I recently picked up an old novel by author Maud Hart Lovelace entitled Emily of Deep Valley. Having read Lovelace’s celebrated Betsy-Tacy series for children and young adults a number of years ago, I expected a fun, carefree story that would offer a reprieve from heavy reading.
But while the story was an easy read, it wasn’t as fluffy as I expected. In fact, I found myself noticing many intriguing parallels and contrasts between the book’s setting of 1912 and life today. One of the first was the treatment and respect for the dead, particularly those who lost their lives fighting for the country.
The book’s opening chapters describe the small town’s excitement over Memorial Day – known at that time as Decoration Day. The festivities honoring war veterans are attended by great and small, and the graves of those lost are carefully tended and decorated with spring flowers. Although there is one complainer in the midst, the whole day is permeated with an atmosphere of respect and gratitude for those who gave so much for freedom.
I thought of this scene when I ran across news of a kerfuffle in Cambridge, England over the upcoming “Remembrance Sunday,” a holiday akin to Veterans Day in the United States. According to media reports, students at Cambridge University vetoed attempts “to promote Remembrance Sunday” at the university. The rationale for this move, students claim, is to discourage conflict and the “glorification” of warfare:
“The move came after an amendment was voted through, which noted the efforts of various organisations to ‘reshape remembrance away from glorification and valorisation of war’ and to campaign ‘against militarism”.

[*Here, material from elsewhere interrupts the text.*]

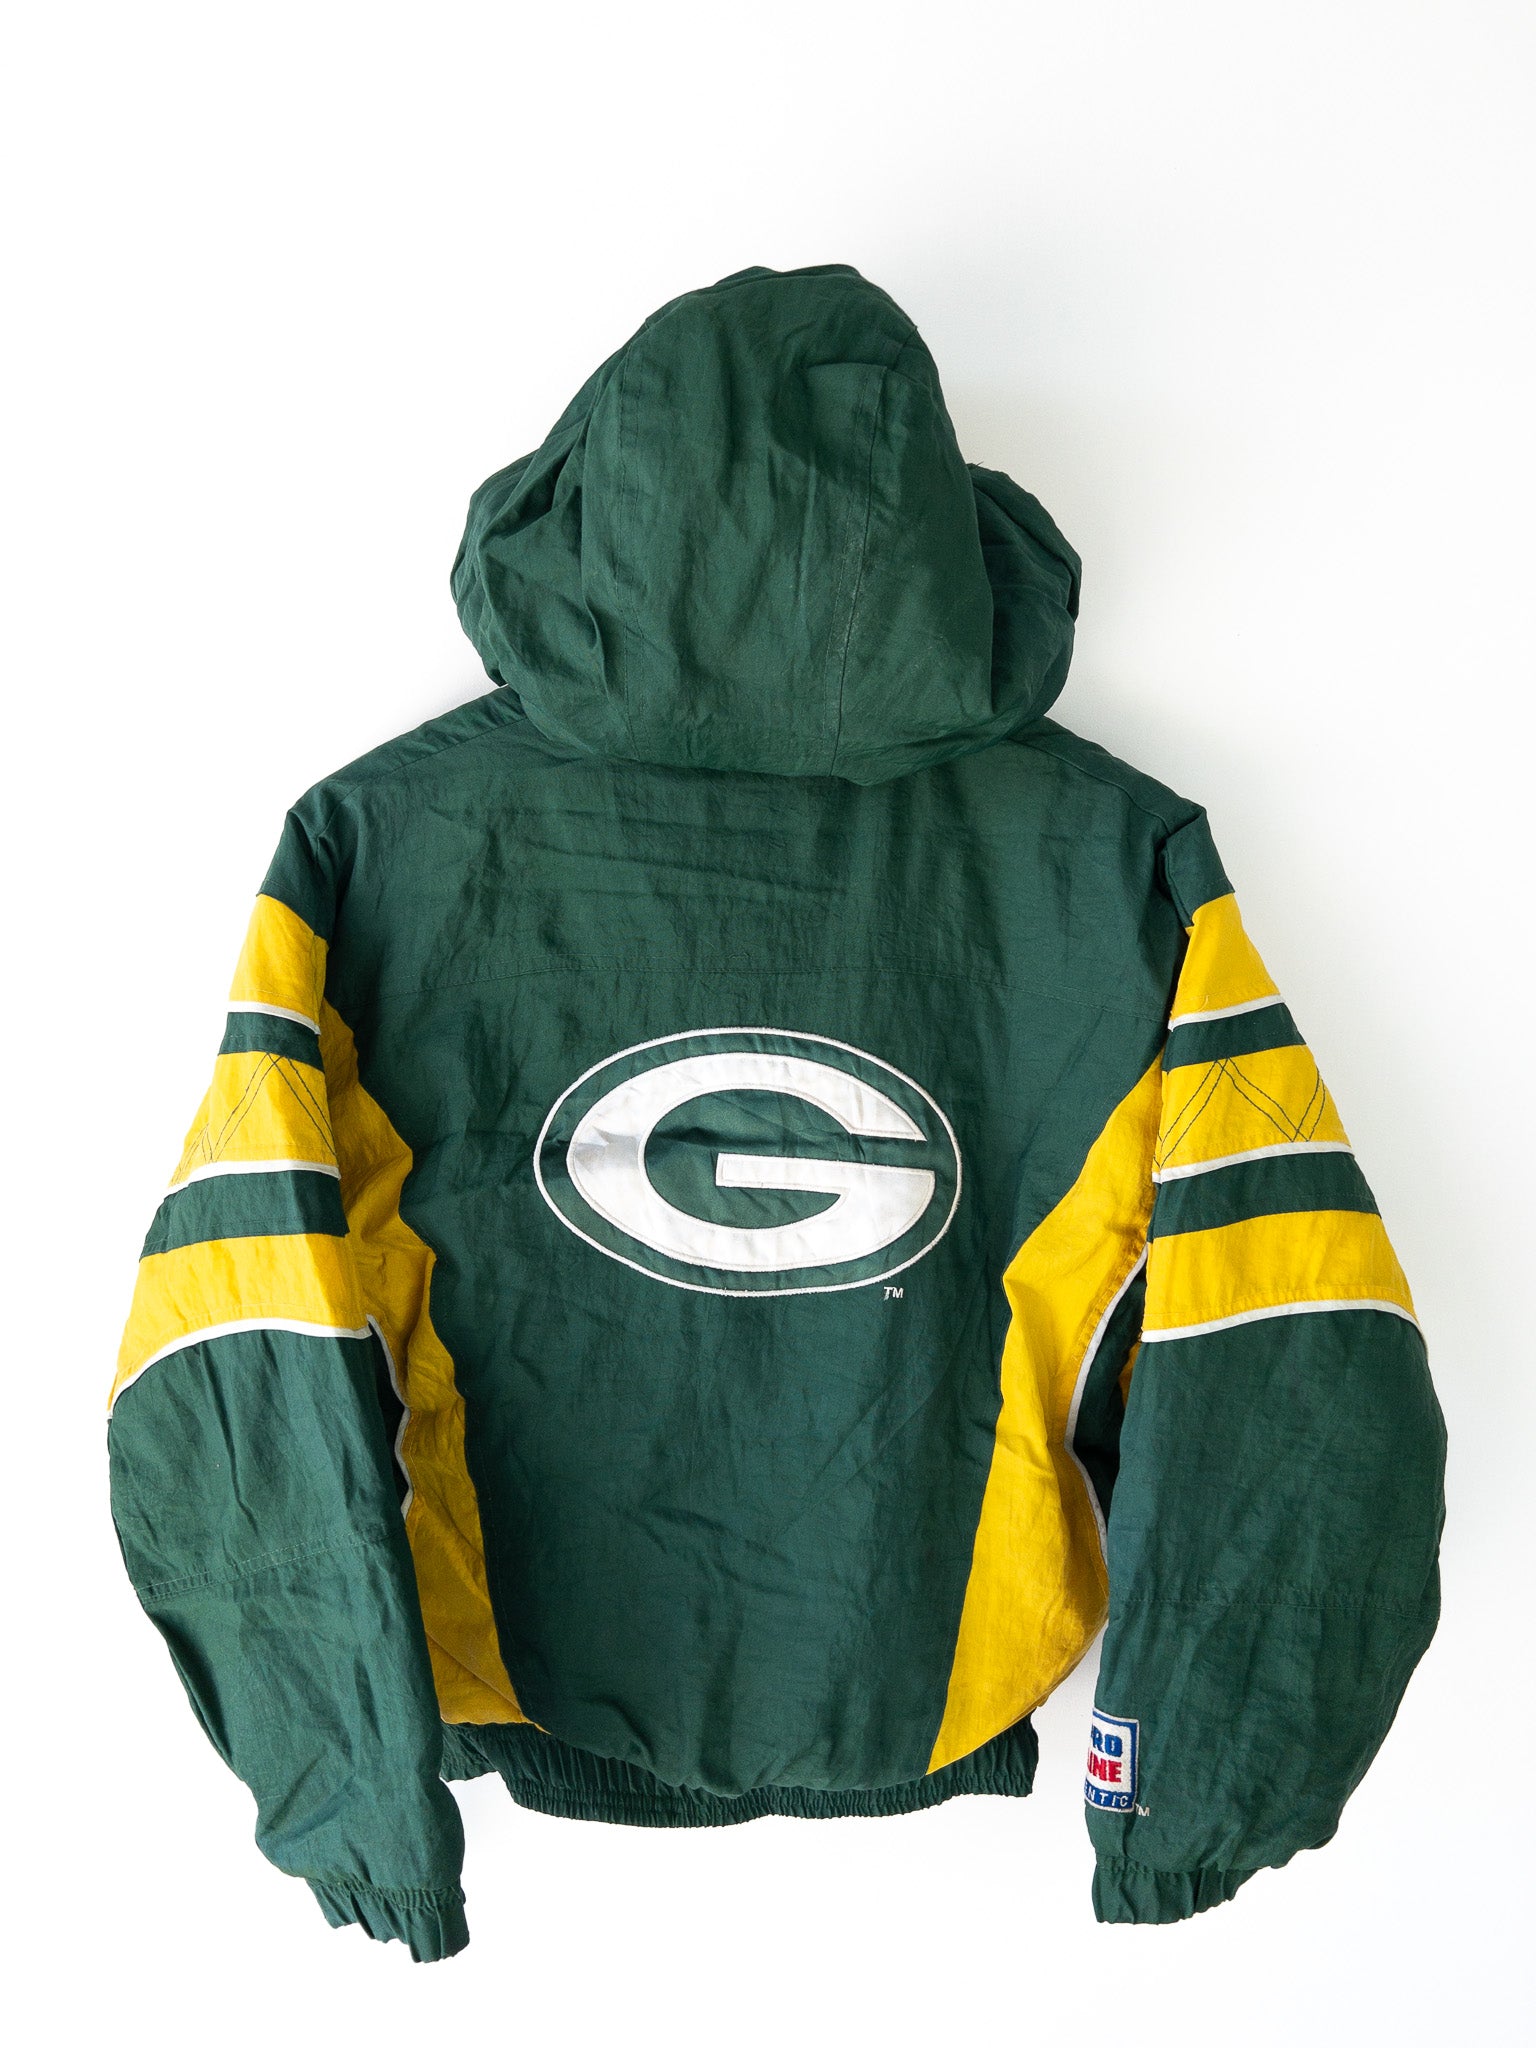 Vintage Green Bay Packers Jacket (XS)

The amendment, proposed by student activist Stella Swain, struck out references to ‘British war veterans’, ‘Remembrance Day’ and ‘Poppies’.

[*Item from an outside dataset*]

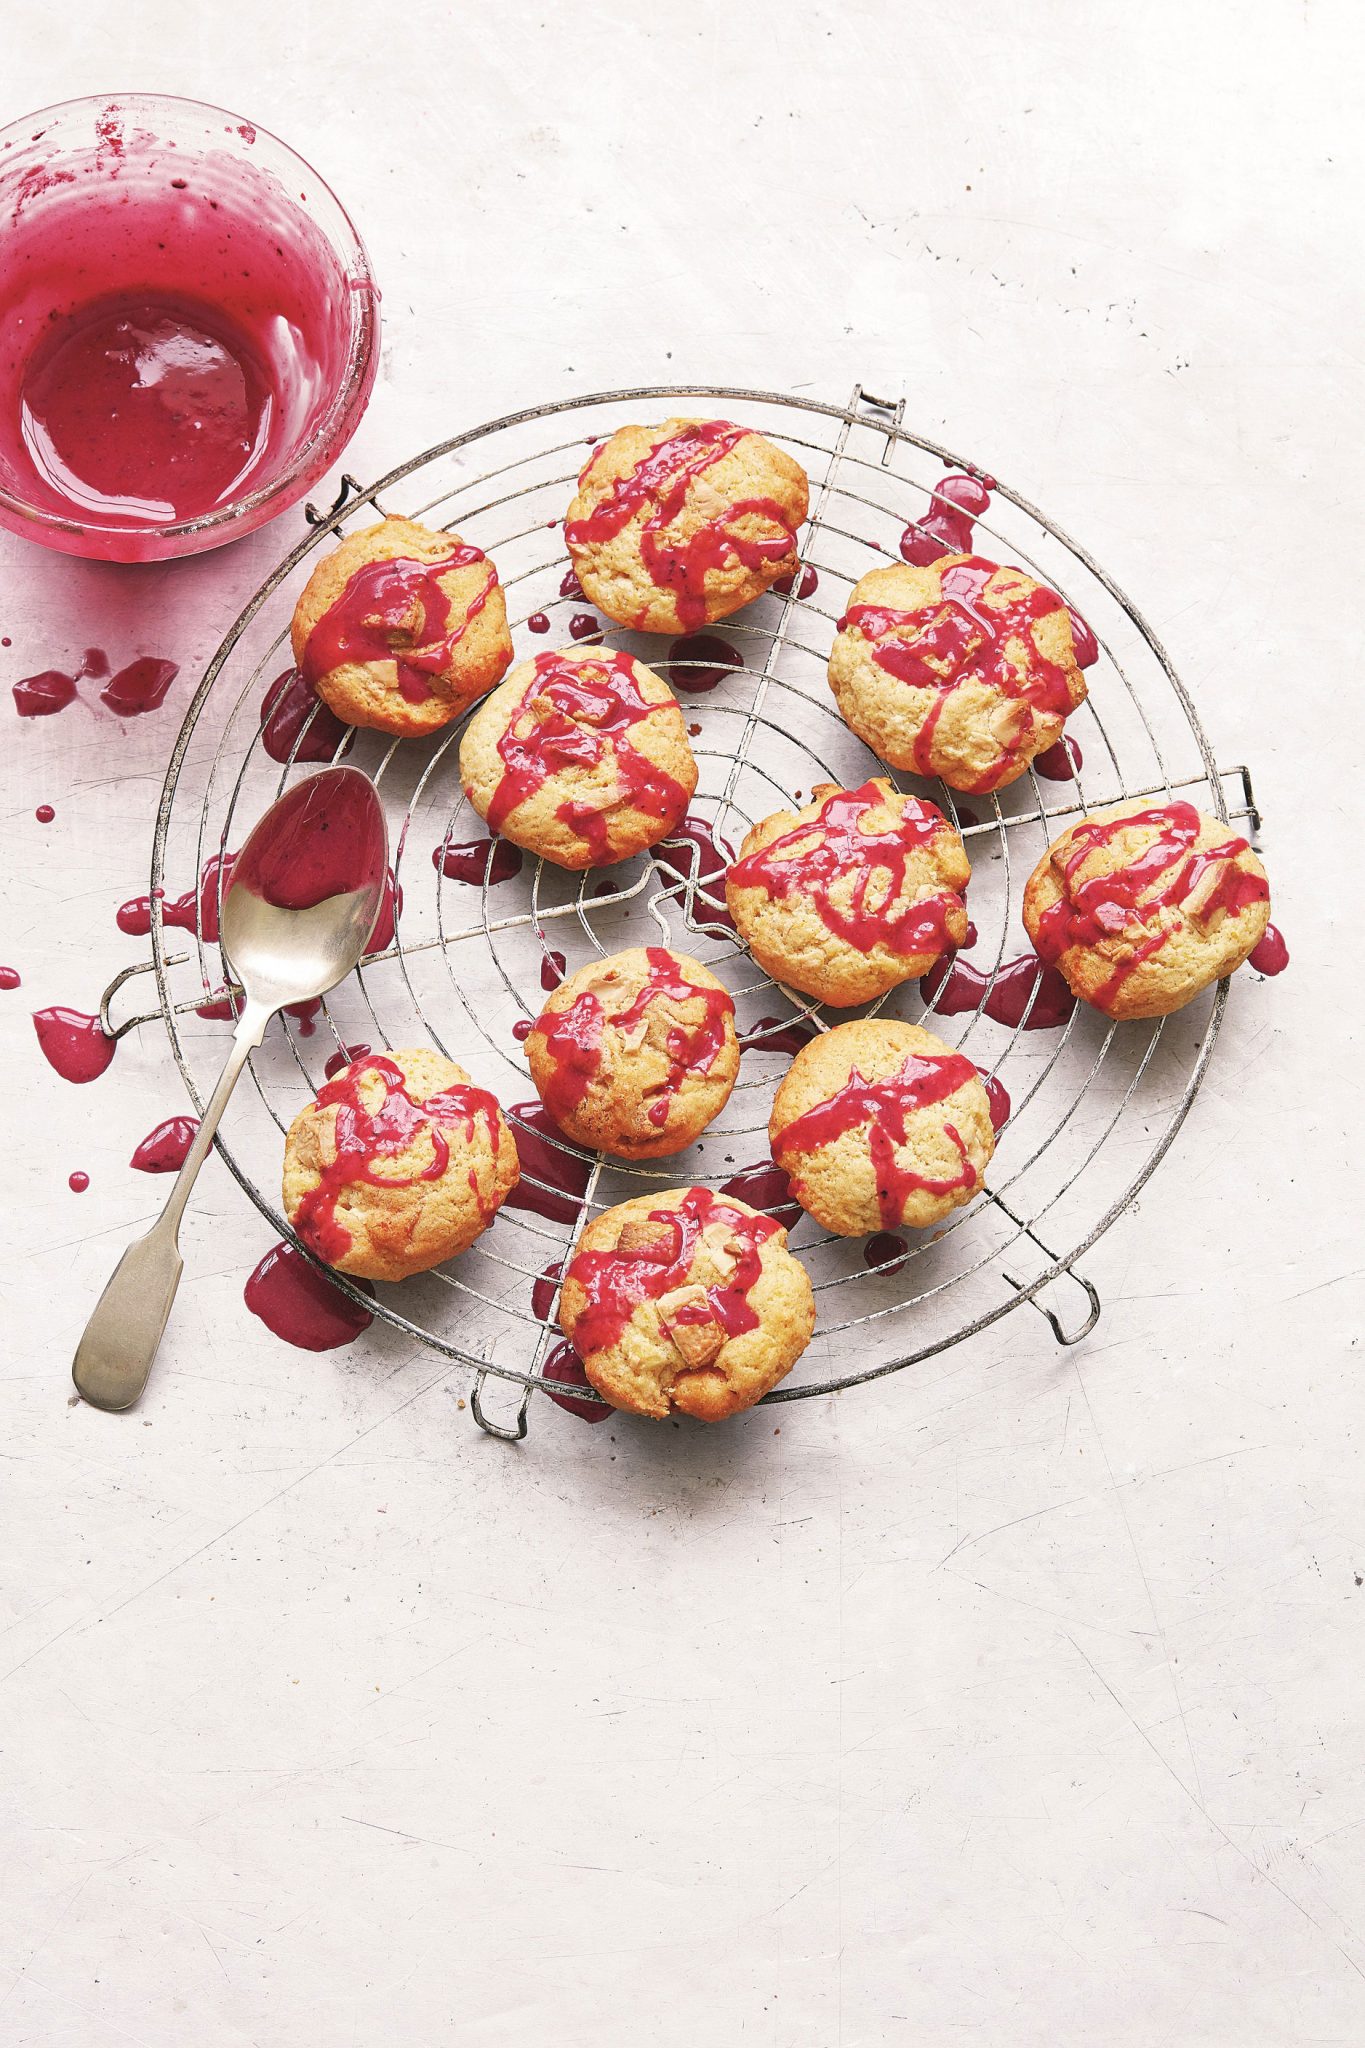 Sweetcorn and white chocolate cookies with blackberry glaze

Instead, Ms Swain argued that ‘all lives lost and affected by war’ should be commemorated and that students should be encouraged to engage in ‘productive criticism’ of war.
She said she wanted to ‘reflect the status of the University as an international institution” and argued that it was ‘vital that we recognise all different background and don’t just focus on British war veterans’.”
I can appreciate the fact that Ms. Swain does not want to glorify war; war is terrible and brings many negative consequences which ripple down through the ages.
But does such a mentality require all remembrances and honoring of those who gave their lives to be pushed aside? Have we grown so fixated on inclusivity as the overriding form of patriotism that we can’t face the past and provide praise and respect to those who gave everything they had?
In the early 1900s, the Honorable Hugh Gordon Miller noted:
“I do not believe in forever dragging over or raking up some phases of the past; in some respects the dead past might better be allowed to bury its dead, but the nation which fails to honor its heroes, the memory of its heroes, whether those heroes be living or dead, does not deserve to live, and it will not live….”
Whether in England or the US, the modern trend is to be ashamed of the heroes of the past instead of honoring them. Is Hugh Gordon Miller right that as a nation we don’t deserve to live?